Sperm DNA fragmentation and sex chromosome aneuploidy after swim-up versus density gradient centrifugation.

OBJECTIVE: The aim of this study was to compare the efficacy of swim-up and density gradient centrifugation (DGC) for reducing the amount of sperm with fragmented DNA, sex chromosome aneuploidy, and abnormal chromatin structure.
METHODS: Semen samples were obtained from 18 healthy male partners who attended infertility clinics for infertility investigations and were processed with swim-up and DGC. The percentages of sperm cells with fragmented DNA measured by the sperm chromatin dispersion test, normal sex chromosomes assessed by fluorescence in situ hybridization, and abnormal chromatin structure identified by toluidine blue staining were examined.
RESULTS: The percentage of sperm cells with fragmented DNA was significantly lower in the swim-up fraction (9.7%, p=0.001) than in the unprocessed fraction (27.0%), but not in the DGC fraction (27.8%, p=0.098). The percentage of sperm cells with normal X or Y chromosomes was comparable in the three fractions. The percentage of sperm cells with abnormal chromatin structure significantly decreased after DGC (from 15.7% to 10.3%, p=0.002). The swim-up method also tended to reduce the percentage of sperm cells with abnormal chromatin structure, but the difference was not significant (from 15.7% to 11.6%, p=0.316).
CONCLUSION: The swim-up method is superior for enriching genetically competent sperm.

Introduction

The percentage of sperm cells with DNA fragmentation negatively influences natural and assisted conception [1] and is associated with high miscarriage rates in assisted conception [2]. Aneuploid sperm has been reported to be associated with the formation of aneuploid embryos, lower pregnancy and live birth rates, repeated intracytoplasmic sperm injection failure, and higher miscarriage rates [34]. Therefore, the selection of sperm without DNA fragmentation or aneuploidy is important for enhancing the outcomes of assisted conception.
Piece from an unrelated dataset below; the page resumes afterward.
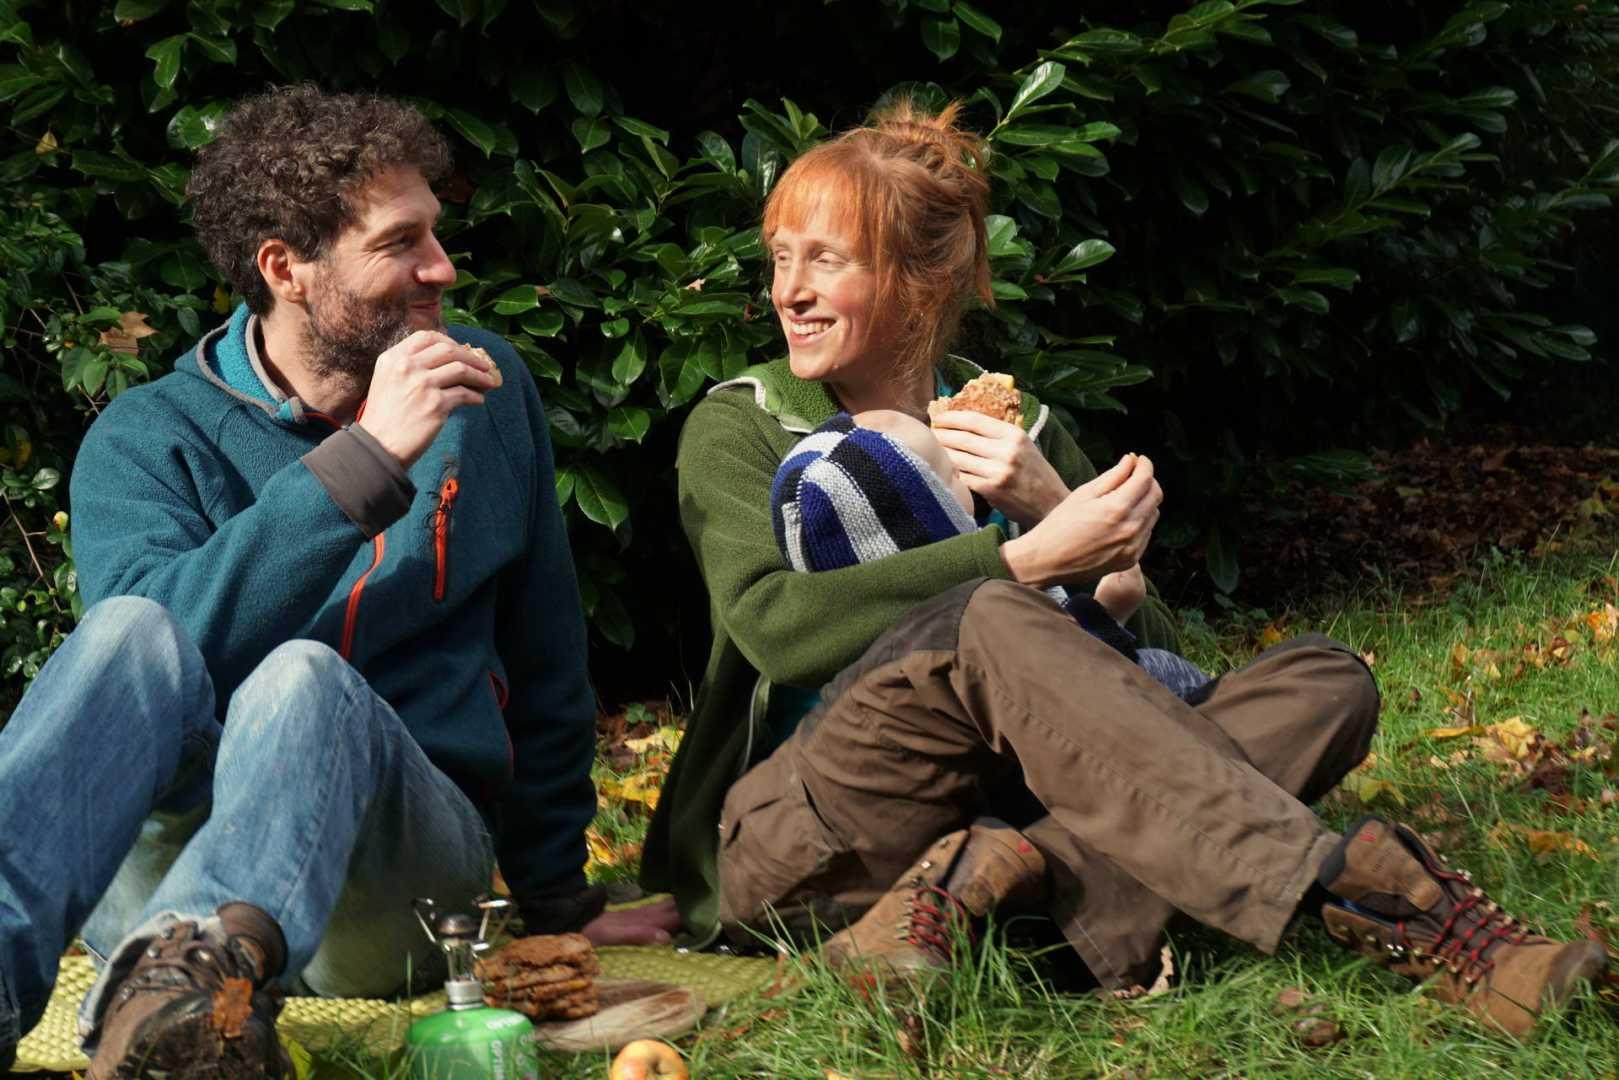 Jana und Paddy beim Essen

Swim-up and density gradient centrifugation (DGC) are commonly used sperm preparation methods for assisted conception [5]. Their effects in terms of reducing the percentage of sperm DNA fragmentation (SDF) appears to be different based on the method used for assessing SDF and the study participants. Some studies reported that DGC preparation was superior to swim-up for reducing SDF levels [67], but others reported a similar efficacy [89]. Regarding sperm aneuploidy, studies have separately evaluated the efficacy of swimup [1011] and DGC [12] for lowering the frequency of aneuploidy.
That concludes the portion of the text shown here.